Botulinum toxin has been successfully used in ophthalmological and neurological processes that involved an increase of the muscle tone. It has a paralyzing action that binds to the presynaptic nerve terminals; it is then internalized and inhibits the secretion of acetylcholine. The subtypes of botulinum toxin that are related to pathologies in humans are type A, B, and E. The most widely used subtype in clinical practice is subtype A (Chatterjee et al., 1997).

Botulinum toxin is used in cases of TDK with good results. Patients with involuntary tongue protrusion have showed an improvement with a treatment involving injections into the genioglossal area, although some authors have described secondary effects to the treatment, including episodes of dysphagia and dysarthria with high doses (van Harten and Hovestadt, 2006).

The toxin was also used for the management of idiopathic cervical dystonia in 205 patients by Jankovic and Schawartz (1990) who proved its efficacy. Its use was analyzed over 5 years and they did not find any adverse effect or the appearance of resistance to the treatment.

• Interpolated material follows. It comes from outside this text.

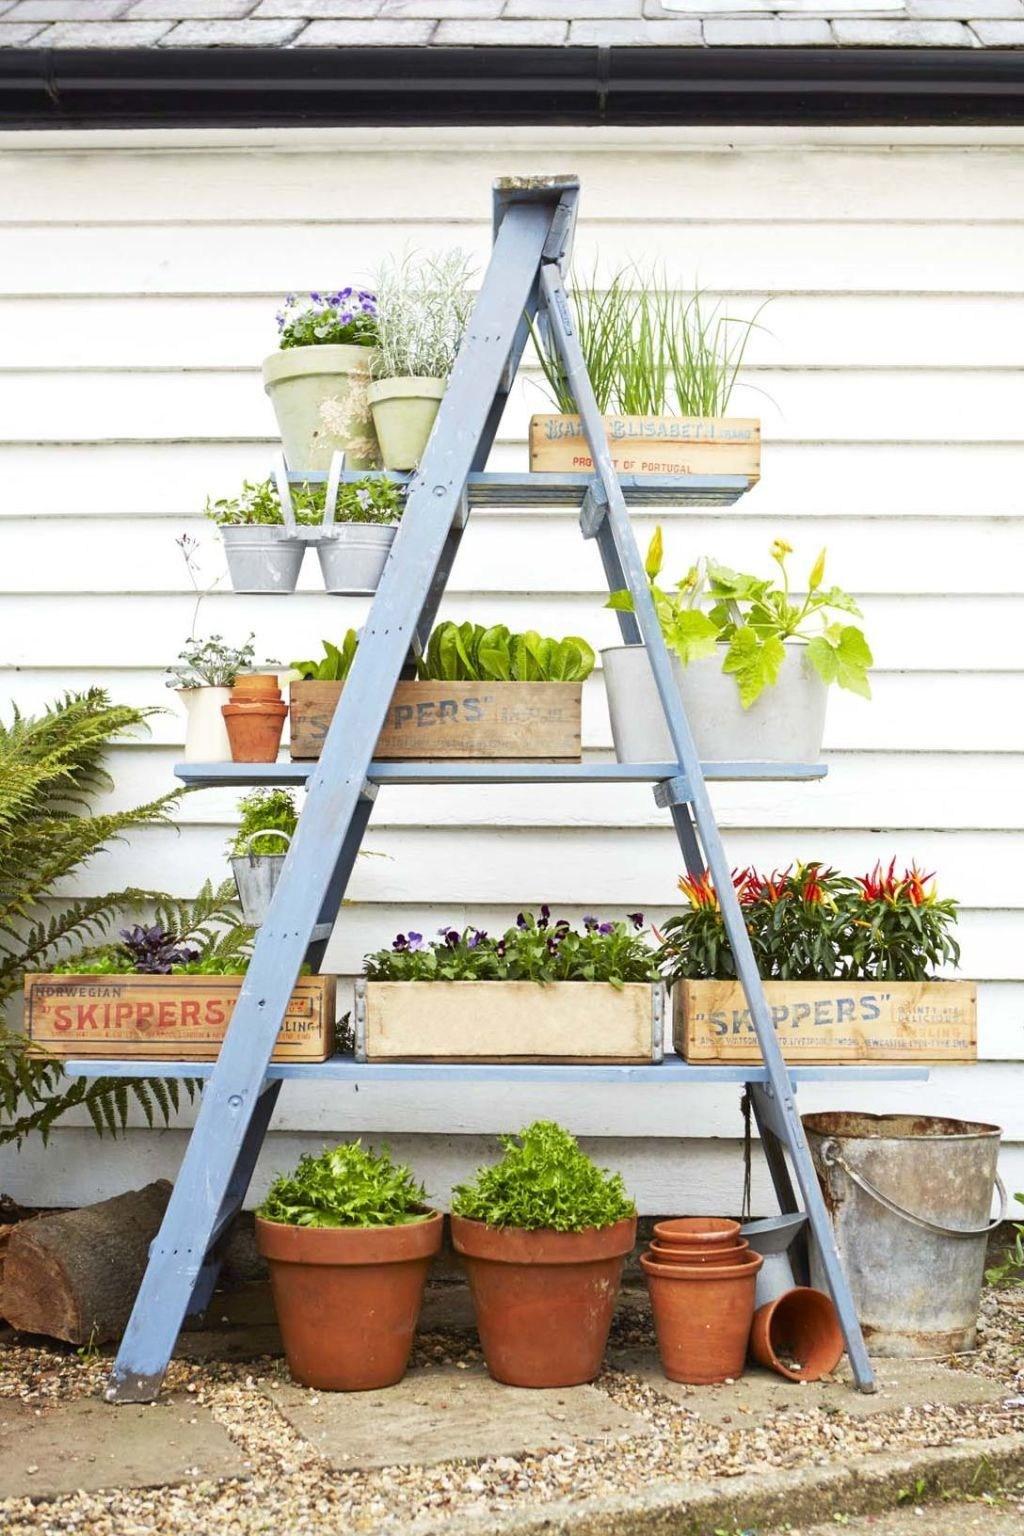 16 Container Gardening Ideas Potted Plant Ideas We Love | Outdoor Garden Under Stairs | Small | Crosstie | Gardening | Landscaping | Lawn

With regard to the use of biperiden for the treatment of TDK, Lamberti et al. (2017) published the case of a 13-year-old patient who was referred to their unit for depression and behavior disorders. She started treatment with aripiprazole at 7.5 mg/day, but after 3 weeks she displayed involuntary movements of her mouth and slurred speech. The treatment with aripiprazole was suspended and she was treated with clonazepam 4 mg/day and an antioxidant (vitamin E), without results. Then, treatment was started with biperiden 2 mg/day, and 3 weeks later the TDK had improved (Lamberti et al., 2017).

Clozapine

Clozapine was first used in the treatment of aripiprazole-induced TDK on a 24-year-old man with bipolar disorder who had been given 15 mg aripiprazole. 3 years later he presented dystonia and hyperextension of the neck, particularly on the right side. The symptoms disappeared with the administration of clozapine 100 mg/day (Joe et al., 2015). Some of the risk factors that have been described for TDK in patients with affective disorders include interaction between antipsychotics and antidepressants and the use of high doses of antipsychotics over a short period of time (Klawans and Rubovits, 1972; Casey, 1988; Louza and Bassitt, 2005; Skidmore and Reich, 2005; Matsuda et al., 2012). This patient benefited twice from the treatment with clozapine. On the one hand, it treated the manic symptoms and, on the other hand, his TDK. Also, the patient was young, and the duration of the TDK was short (8 months), which contributed to a good response to the treatment (Hazari et al., 2013).

Unlike that case, in our patient there was a relatively long period between the suppression of aripiprazole and the administration of clozapine, which supports the hypothesis that clozapine has therapeutic effects on patients with aripiprazole-induced TDK. Even though clozapine has some limitations (it can cause agranulocytosis), it can be an effective alternative in the treatment of irreversible TDK.

Previous studies (Lungu et al., 2009; Friedman, 2010) have described cases of aripiprazole-induced TDK. In one of those cases, the symptoms remitted after removal of aripiprazole (Skidmore and Reich, 2005), but in other cases it was necessary to use trihexyphenidyl, botulinum toxin and deep brain stimulation for the symptoms to improve. That is, in some cases, removal of aripiprazole, by itself, is not enough to reverse TDK.

The physiopathology of TDK is still unknown. It is believed to be due to hypersensitivity of the D2 receptors after being blocked over a long period of time (Hazari et al., 2013). According to Aquino and Lang (2014), there is a balance between the direct and indirect pathways of the basal ganglia. The activation of the direct pathway leads to the appearance of movements, whereas the activation of the indirect pathway causes a decrease in the velocity and amplitude of the movements. The hypersensitivity of the D2 receptors may be the cause of hyperkinesia (Aquino and Lang, 2014). Another theory on the origin of TDK is that D2 receptors being blocked over a long period of time create a lack of adaptation of the synaptic plasticity in the corticostriatal transmission and oxidative stress (Teo et al., 2012; Cho and Lee, 2013).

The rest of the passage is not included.